Below, locate the line that contains "Бластер Nerf Elite 2.0 F4190 Проспект QS4". Repeat exactly from that line to the line that contains "Black Rose Since", inclusive, leaving out the pictures.

╭─ DATA EXTRACT

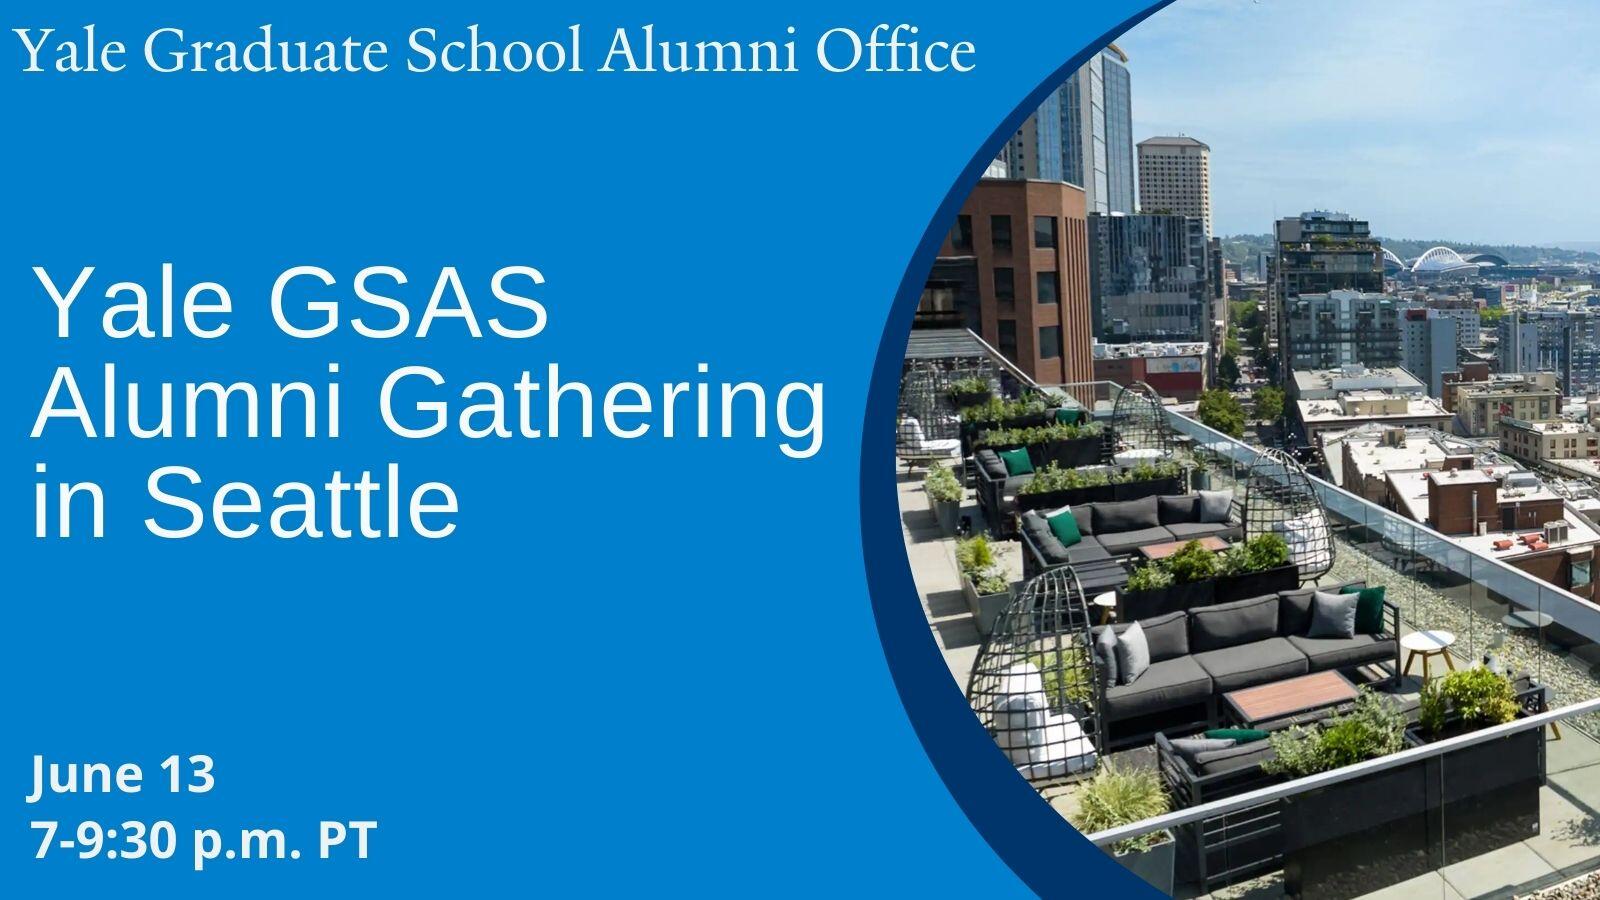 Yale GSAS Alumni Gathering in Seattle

╰─
╭─ DATA EXTRACT

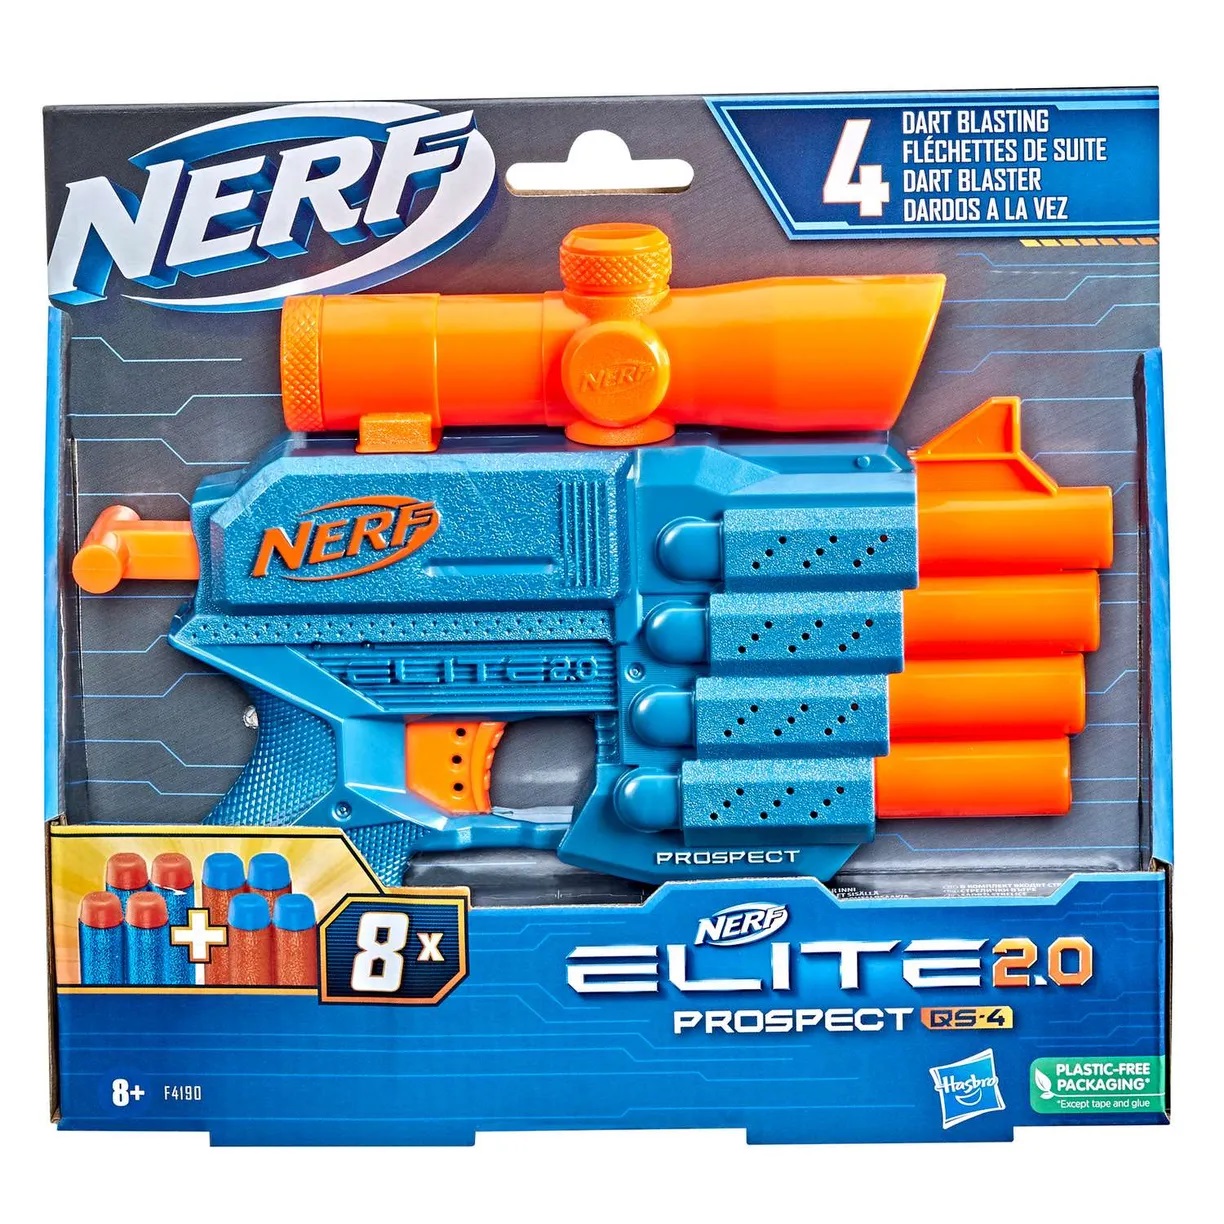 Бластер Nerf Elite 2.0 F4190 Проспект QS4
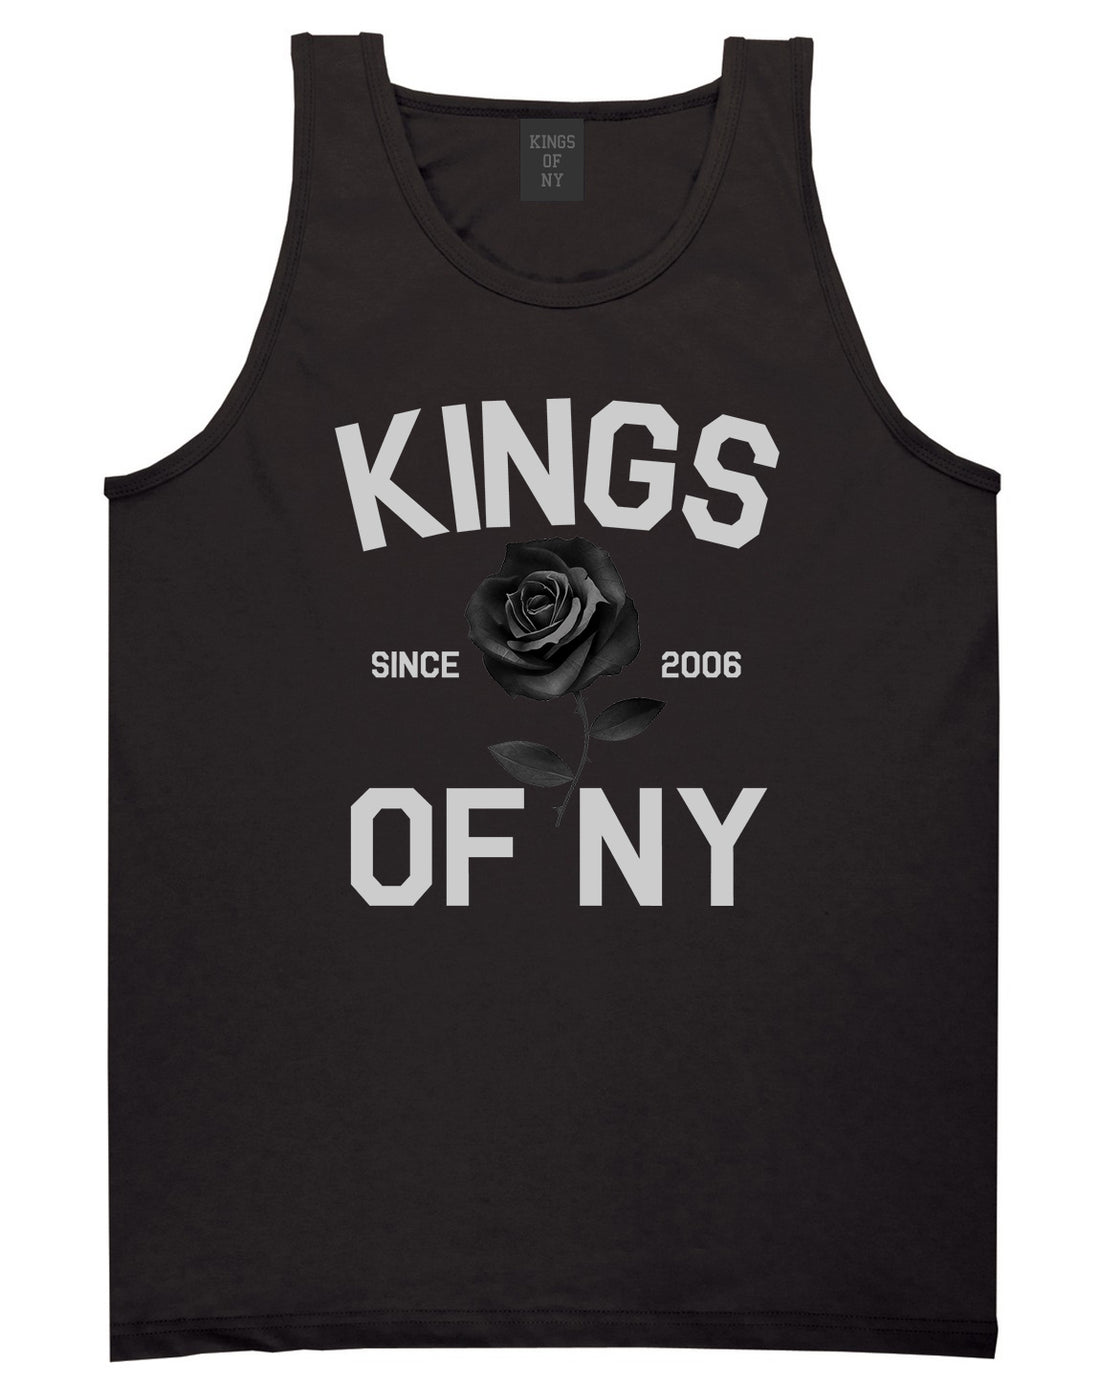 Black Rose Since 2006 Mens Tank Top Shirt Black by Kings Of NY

╰─

**OUTPUT OF THE TASK**
 Бластер Nerf Elite 2.0 F4190 Проспект QS4
 Black Rose Since 2006 Mens Tank Top Shirt Black by Kings Of NY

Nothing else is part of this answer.